In the next room, which was somewhat livelier, she went to the roulette table and slapped two five-hundred-euro chips firmly on number 24.
“There! I hope you bring me luck!”
Alas, that wasn’t the case.
The croupier raked off Zhanna’s bets five times in a row. With a resigned sigh, she put her last two chips on 24 again.
Miraculously, after bouncing around a little, the ivory ball came to rest on 24.
“Harasho!” she cried in the classic Russian phrase as she briskly scooped the seventy-six chips into her purse.
“Let me buy you a glass of champagne,” she said, making her way to the bar. “You really did bring me luck. I usually never win.”
But when the bartender reached for an open bottle of champagne, she stopped him.
“No, I want a fresh bottle!” To Malko, she said, “What do you recommend?”
“Taittinger Comtes de Champagne Rosé 2004,” he told the bartender while stealing an anxious glance at his watch. They had left the Salle des Étoiles twenty minutes earlier, and Alexandra was probably fit to be tied—for no good reason!
The Taittinger cork gave a joyous pop! and he and Zhanna toasted each other.
“Nasdarovie!” he said.
“You speak Russian?”
“Da, kanyeshna,” he said with a s
mile.
“I like you more and more,” she purred, sipping her champagne.
“I don’t want to keep your husband waiting,” he said cautiously.
“Davai, then!” she cried, leaving a five-hundred-euro chip on the counter.
—
Their table in the Salle des Étoiles was now practically empty, as was the rest of the ballroom. Of their party, only the American couple and the two Italians remained.

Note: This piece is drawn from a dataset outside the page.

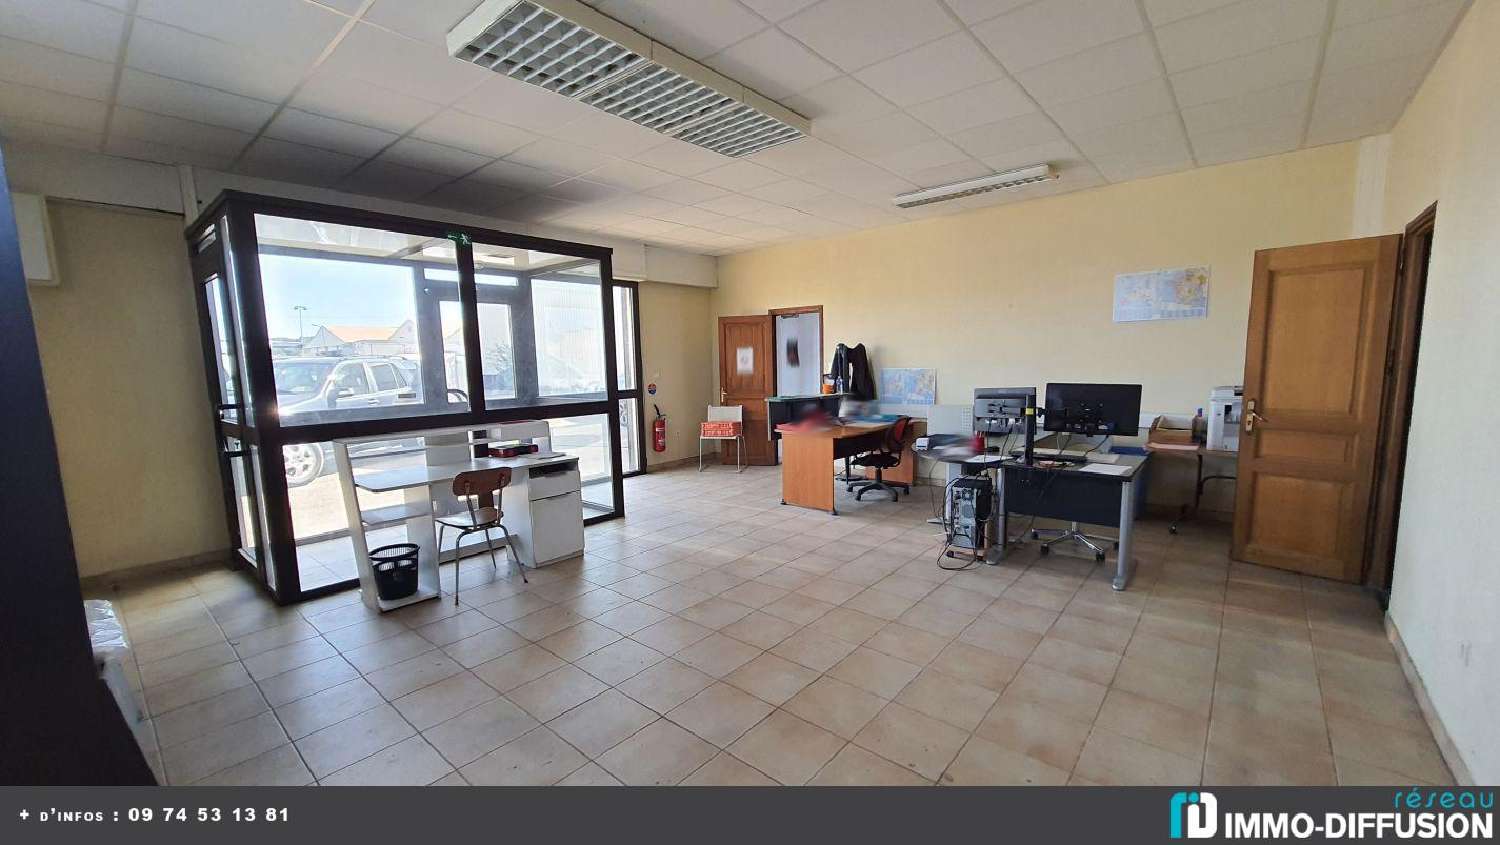  for sale commercial Narbonne Aude 1

“Helmut left with his wife and Prince Linge’s friend,” said the American. “He took Alexei along, too.”
Malko frowned. Alexandra must be in a rage, he thought. But Zhanna gave him no time to say anything.
“Where are you staying?” she asked.
“At the Hôtel de Paris.”
“So am I.”
“I’ll call us a taxi.”
“Don’t bother,” she said. “Our car must still be in the lot, since Alexei went with Helmut. I’ll drive us back.”
Malko didn’t argue. After saying good-bye to the two other couples, he and Zhanna headed for the Italian restaurant that led to Jimmy’z, the famous Monte Carlo nightclub with a garage on the heliport for the club’s patrons.
The parking valet came running the moment he spotted Zhanna.
“I’ll bring your car right away, Madame Khrenkov!”
“Where is it parked?”
“On the right over there, just beyond the hedge.”
“Give me the keys. I’ll get it myself.”
Bowing so low he was practically spread-eagled, the valet yelped with joy when Zhanna gave him a five-hundred-euro chip in exchange for the car keys.
Malko followed her across the open space and past the low hedge along a VIP parking area filled with Rolls-Royces, Lamborghinis, Ferraris, and a lone Bugatti. Zhanna got into a gray Bentley coupe.